■ **Records supplied**

>>

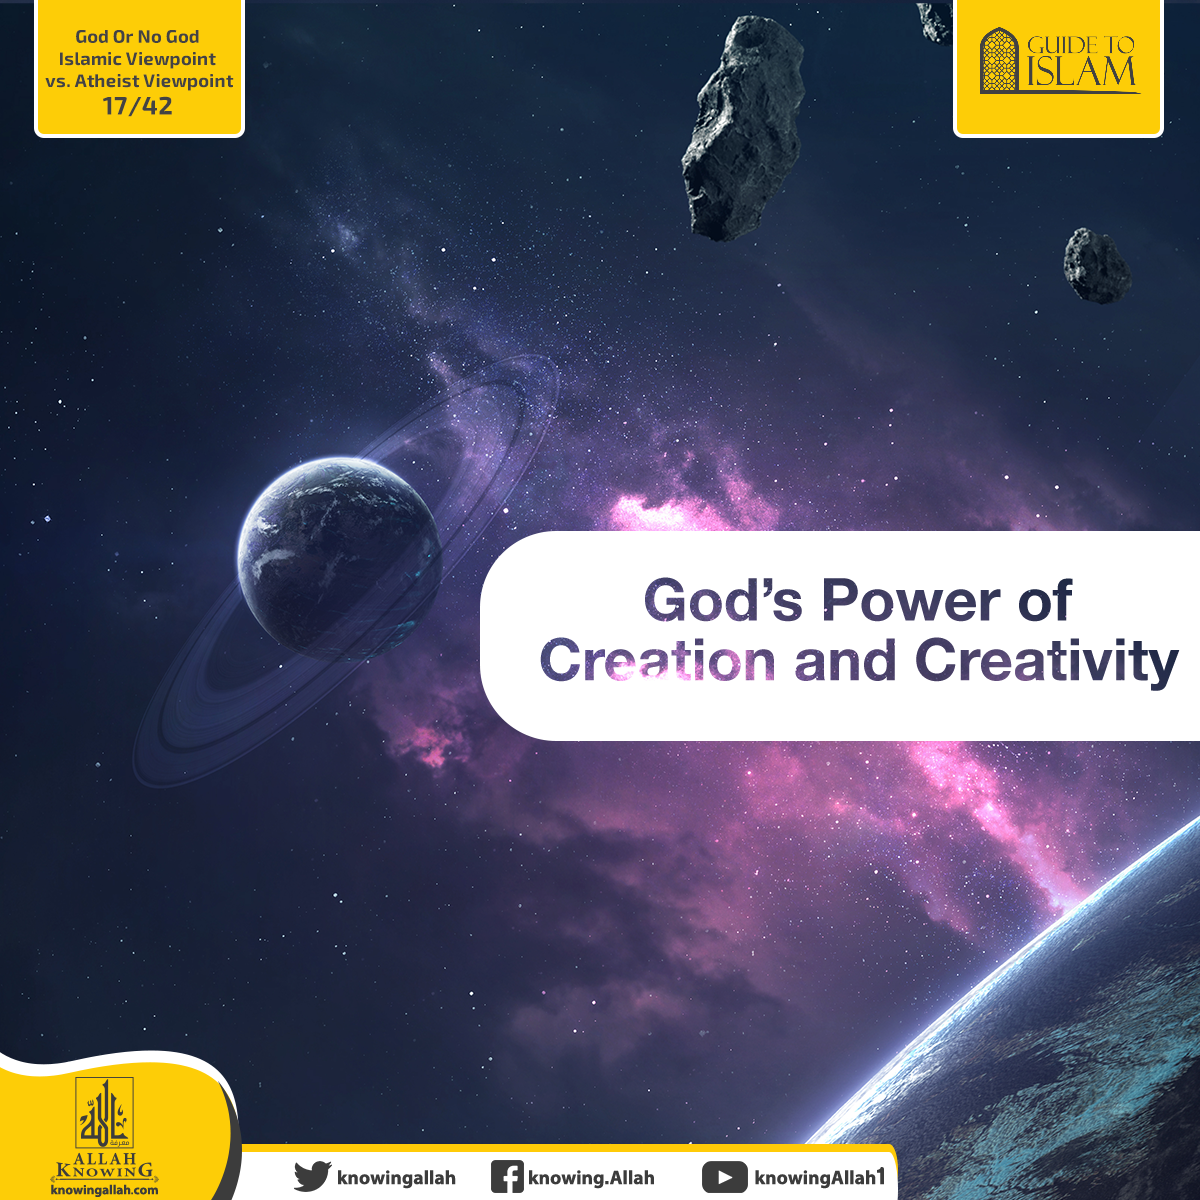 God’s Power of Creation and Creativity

<<
>>

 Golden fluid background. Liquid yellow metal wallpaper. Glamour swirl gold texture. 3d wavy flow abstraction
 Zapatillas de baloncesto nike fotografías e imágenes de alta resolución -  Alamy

<<

■ **What needs to be done**
Above are the records; from them, give again exactly the lines from the one containing "Golden fluid background." through the one containing "Zapatillas de baloncesto", both included.

■ **Exercise output**
 Golden fluid background. Liquid yellow metal wallpaper. Glamour swirl gold texture. 3d wavy flow abstraction
 Zapatillas de baloncesto nike fotografías e imágenes de alta resolución -  Alamy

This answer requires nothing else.